North Korea is determined to keep the international community on its toes and its nuclear capabilities on the global agenda. The North’s recent thermonuclear test and a series of medium-range and intercontinental ballistic missile launches this summer have clearly proved this point. In response, the U.N. Security Council recently imposed the strictest sanctions yet on North Korea in the hope of constraining the country’s nuclear weapons and missile capabilities. That action was in line with what many scholars and analysts have argued: that additional sanctions — more targeted and thus presumably more effective — are the solution for the North Korean crisis.

But history indicates that there might be a better option than tightened sanctions — export controls. Export controls are regulations that limit trade in certain kinds of technologies and materials that pose proliferation risks. When states that supply nuclear materials have widely disparate forms of export controls, it becomes far more difficult to contain the technology and materials that allow nuclear weapons to proliferate.

What is needed now is a U.S.-led diplomatic effort to bring these states into line with one another to cut off the supply of key materials and technologies to aspiring nuclear states. It is a strategy that worked well for the United States in the 1970s, when negotiations with France created an understanding that global security was a priority over national economic interests. The result: preventing South Korea from developing nuclear weapons. And while it might not destroy North Korea’s nuclear weapons capability, this strategy promises to mitigate further risks of proliferation from Pyongyang.

The Op-Ed is based on Sarkar’s recent journal article in the Journal of Strategic Studies entitled “It Isn’t Over Until the Fuel Cell Sings’: A Reassessment of the US and French Pledges of Nuclear Assistance in the 1970s,” which was also co-authored with Rabinowitz.

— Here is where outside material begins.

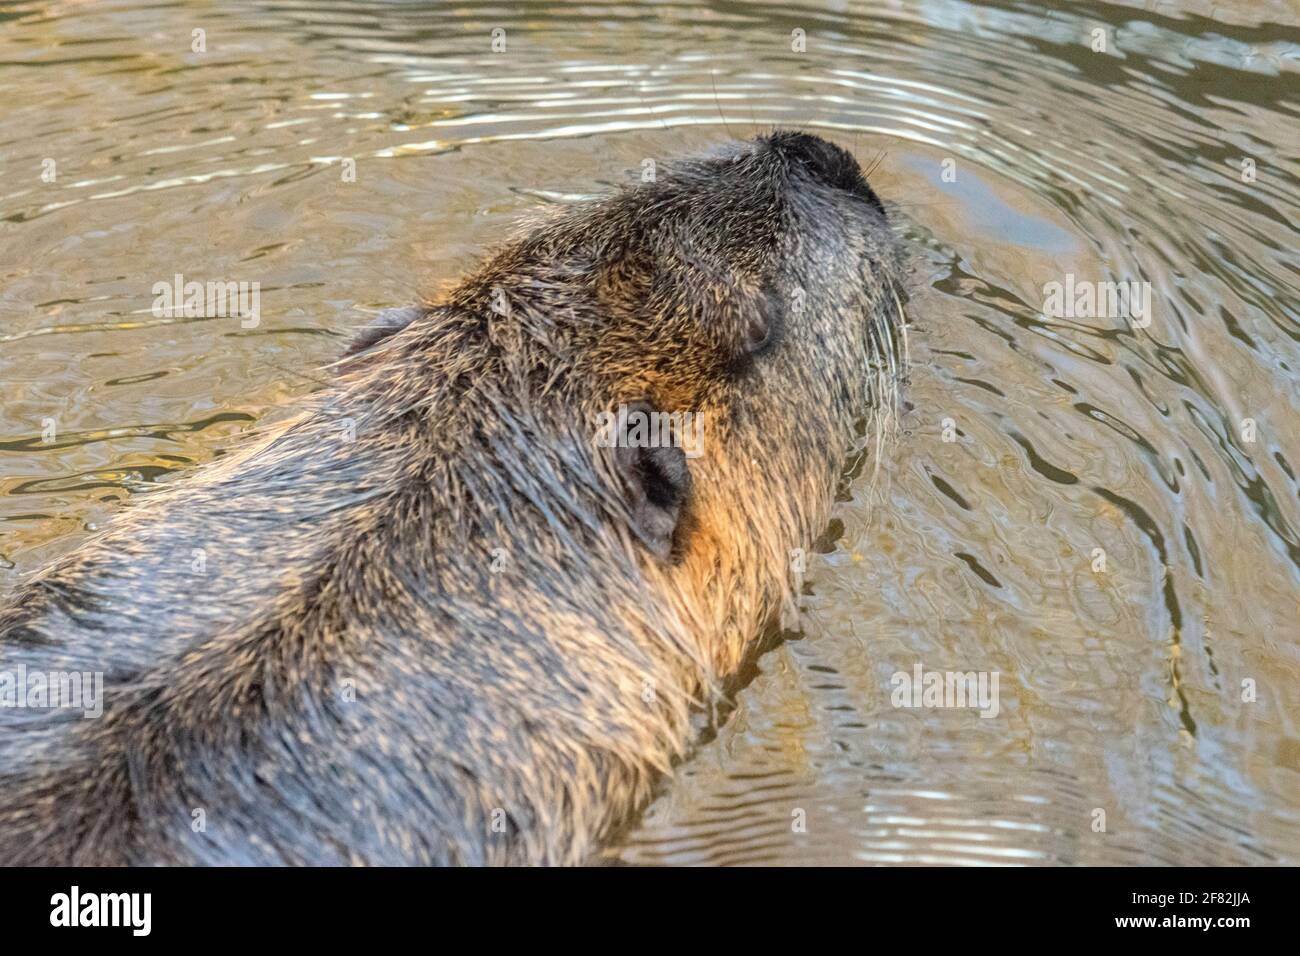 Beaver Swimming In The Water At Artis Zoo Amsterdam The Netherlands 30-12-2019 Stock Photo

From the abstract of the journal article:

Based on newly declassified archival documents, the aim of this study is to contribute to an improved understanding of the evolution of the non-proliferation regime through an examination of US and French nuclear cooperation agreements in the latter half of the 1970s. The four pledges of nuclear assistance examined – US assistance to Egypt and Israel, and French assistance to Pakistan and South Korea – failed to materialise by the end of the decade. Why did that happen? What caused the four pledges to fail? We find that the 1974 Indian nuclear explosion and the emergence of opposing domestic factions on the nuclear front in the supplier states generated major changes in US and French nuclear export policies, and also contributed to the development of a collaborative partnership between the two competing nuclear exporters, on the other.

Jayita Sarkar, an historian by training, is Assistant Professor of International Relations at Boston University’s Frederick S. Pardee School of Global Studies. Her expertise is in the history of U.S. foreign policy, nuclear proliferation, the global Cold War, South Asia and Western Europe. Her research has appeared or is forthcoming in the Journal of Cold War Studies, Journal of Strategic Studies, Cold War HistoryInternational History Review, and elsewhere. Dr. Sarkar has held fellowships at MIT, Harvard, Columbia and Yale universities, and obtained a doctorate in International History from the Graduate Institute Geneva in Switzerland.